Question about dimension of regular local rings Let $A$ be a regular Noetherian local ring and $p \in \mathrm{Spec}(A)$. This implies that $A_p$ is also regular, i.e., the vector space $p/p^2 \otimes k(p)$ has dimension equal to $\dim A_p$.
Question:

Assuming that $A/p$ is also regular, is it true that $p/p^2$ is a free $A/p$-module of rank equal to $\dim A_p$?

 A: Since the precise reference has not come through in the comments, let me try to answer my own question.

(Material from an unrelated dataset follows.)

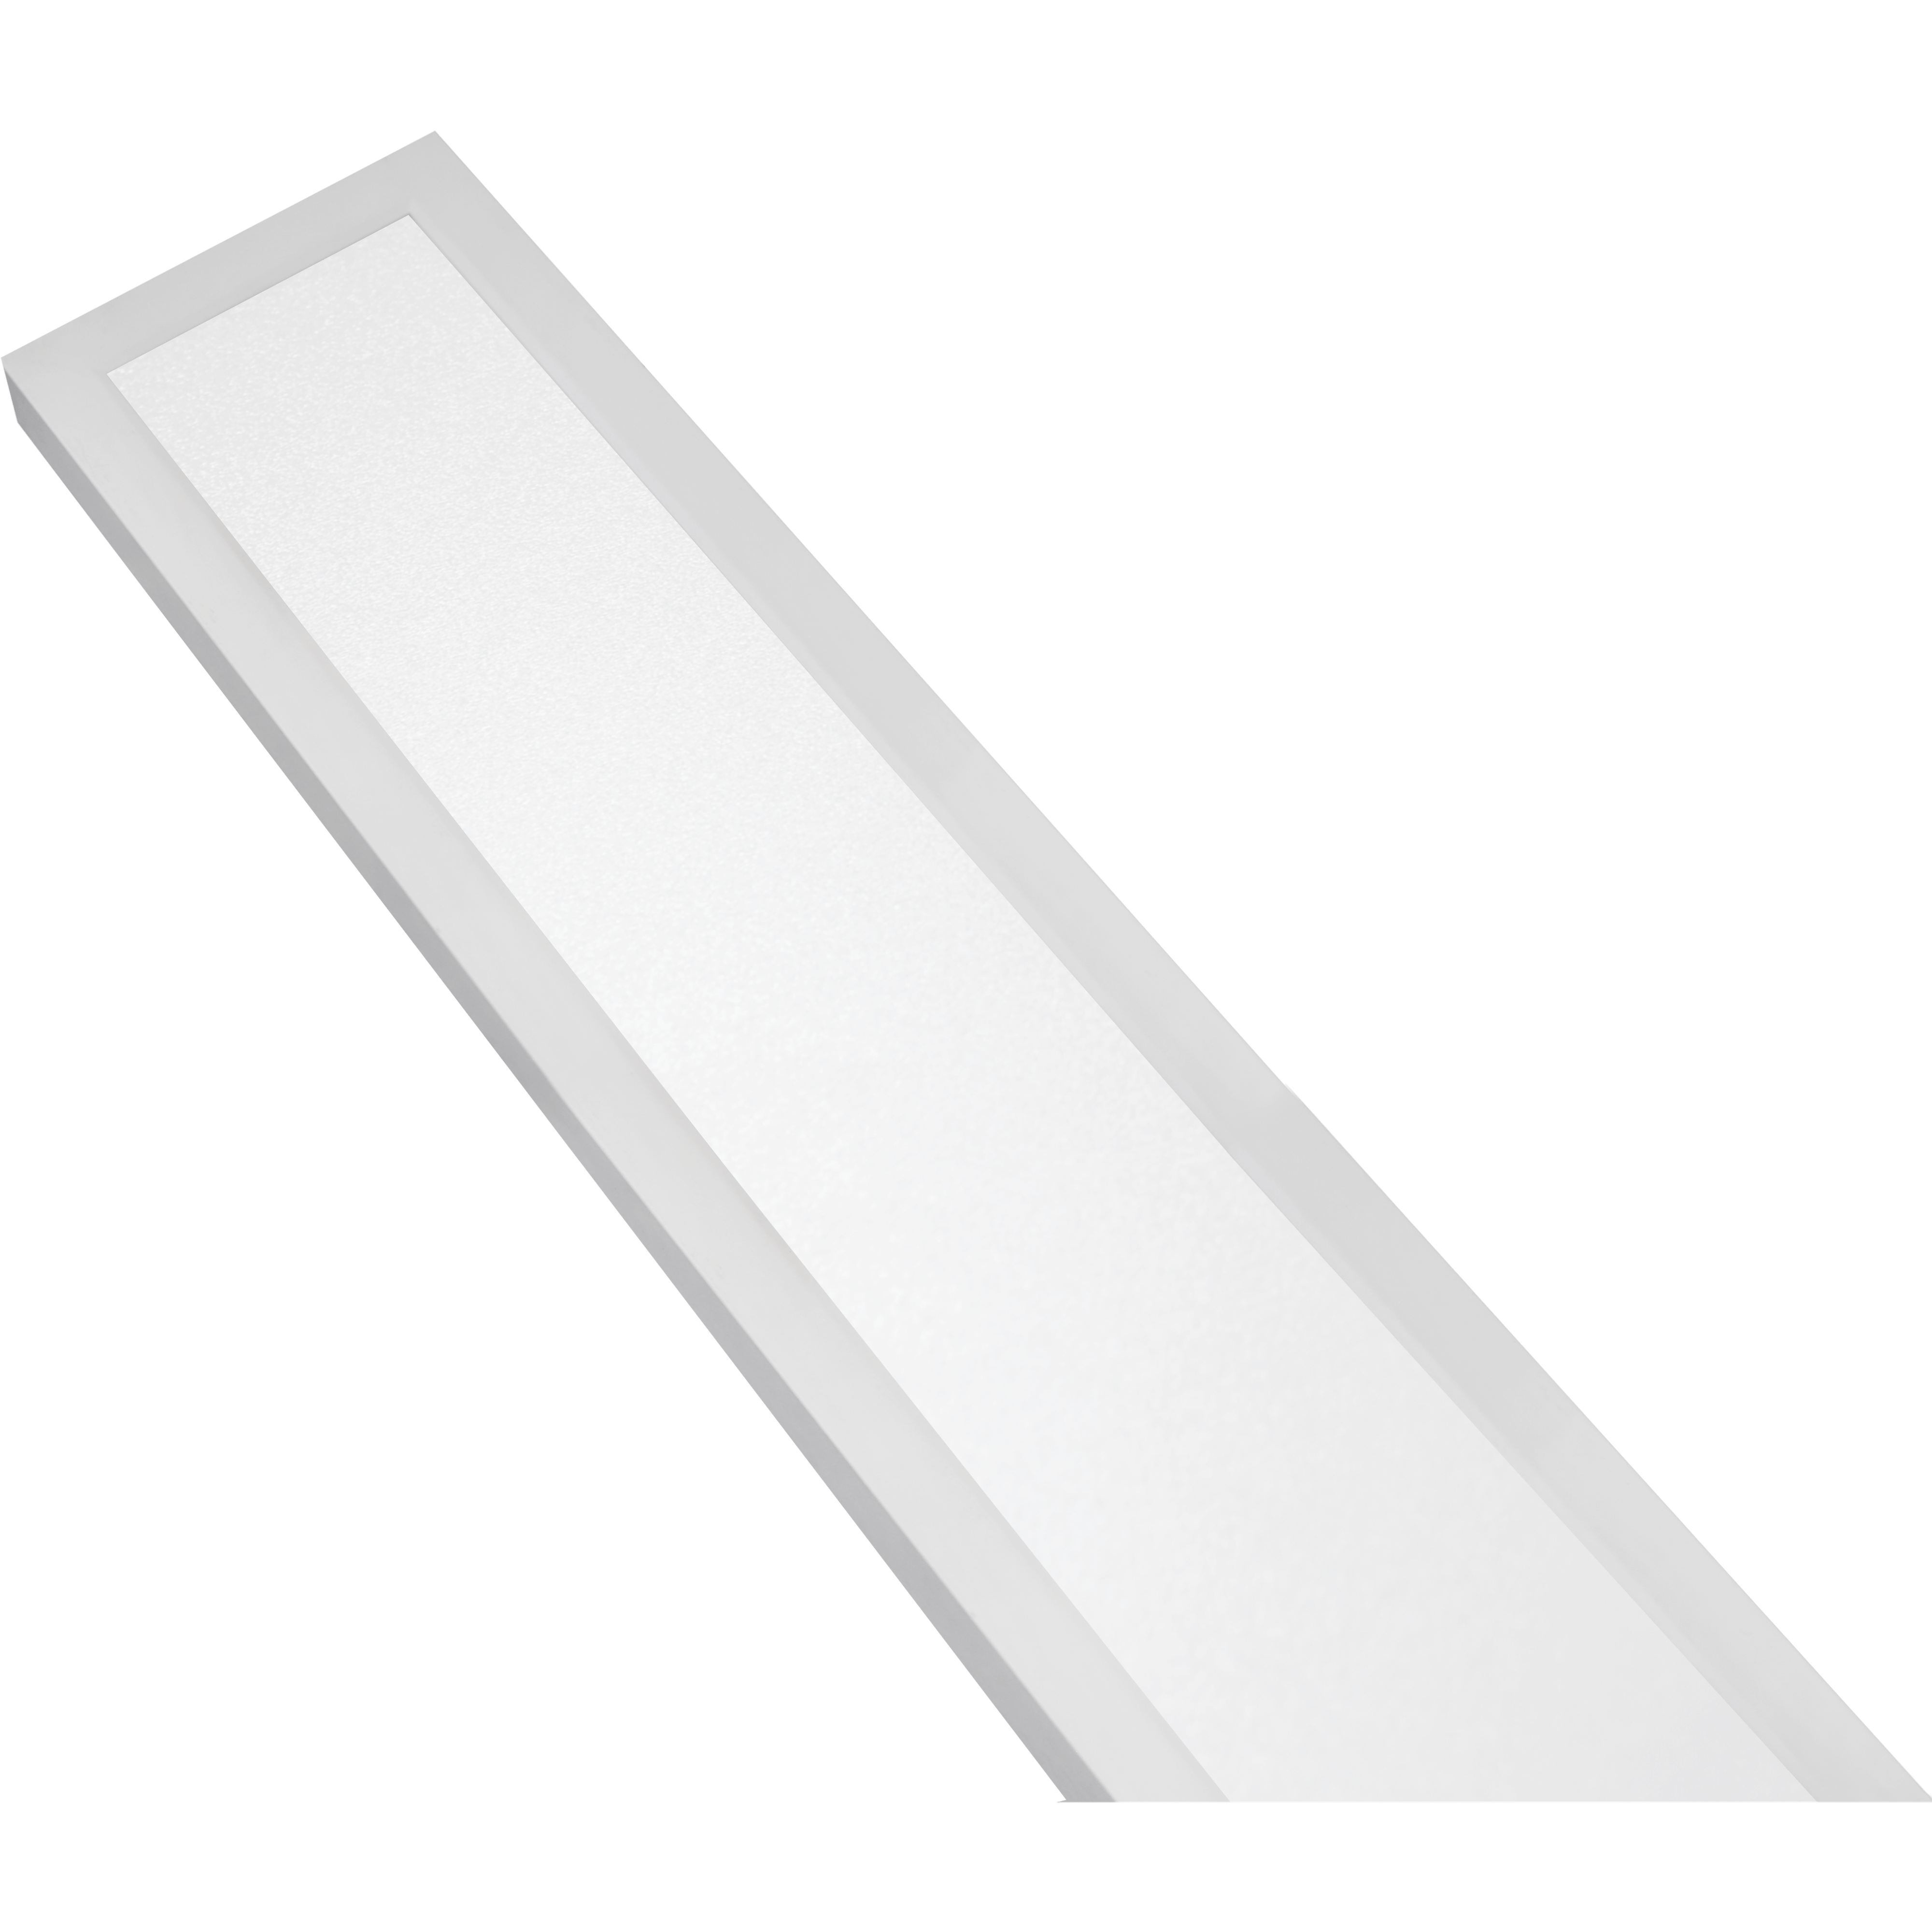 POE Texas Lighting Denton Linear Recessed PoE Lights - 4 in x 2 ft (Surface)

Let $m$ be the maximal ideal of $A$ and $k = A/m$. Since $A/p$ is regular we get that the $k$-dimension of $m/(m^2 + p)$ is equal to $\dim A - \dim A_p$.
We have the exact sequence of $k$-vector spaces:
$$0 \to p/(p \cap m^2) \to m/m^2 \to m/(p+m^2) \to 0.$$
Hence the $k$-dimension of $p/(p \cap m^2)$ is equal to $\dim A_p$. Since $pm = p \cap m^2$ (indeed, if $m_1m_2 \in p$ and $m_1,m_2 \in m$ then $m_1m_2 \in pm$, giving $p \cap m^2 \subset pm$. The other inclusion is trivial.) we get that the $k$-dimension of $p/pm$ is equal to $\dim A_p$. In particular, due to Nakayama, one can find $r_1,\ldots, r_{\dim A_p} \in p$ that are $A$-generators $p$.
Since $ht(r_1,\ldots, r_{\dim A_p})=\dim A_p$ and $A$ is Cohen-Macaulay, by Matsumura Thm. 17.4.iii we get that $r_1,\ldots, r_{\dim A_p}$ forms a maximal regular sequence inside $p$.
Now by Matusumura Thm 16.2 we get that $p/p^2$ is a a free $A/p$-module of rank equal to $\dim A_p$, as desired.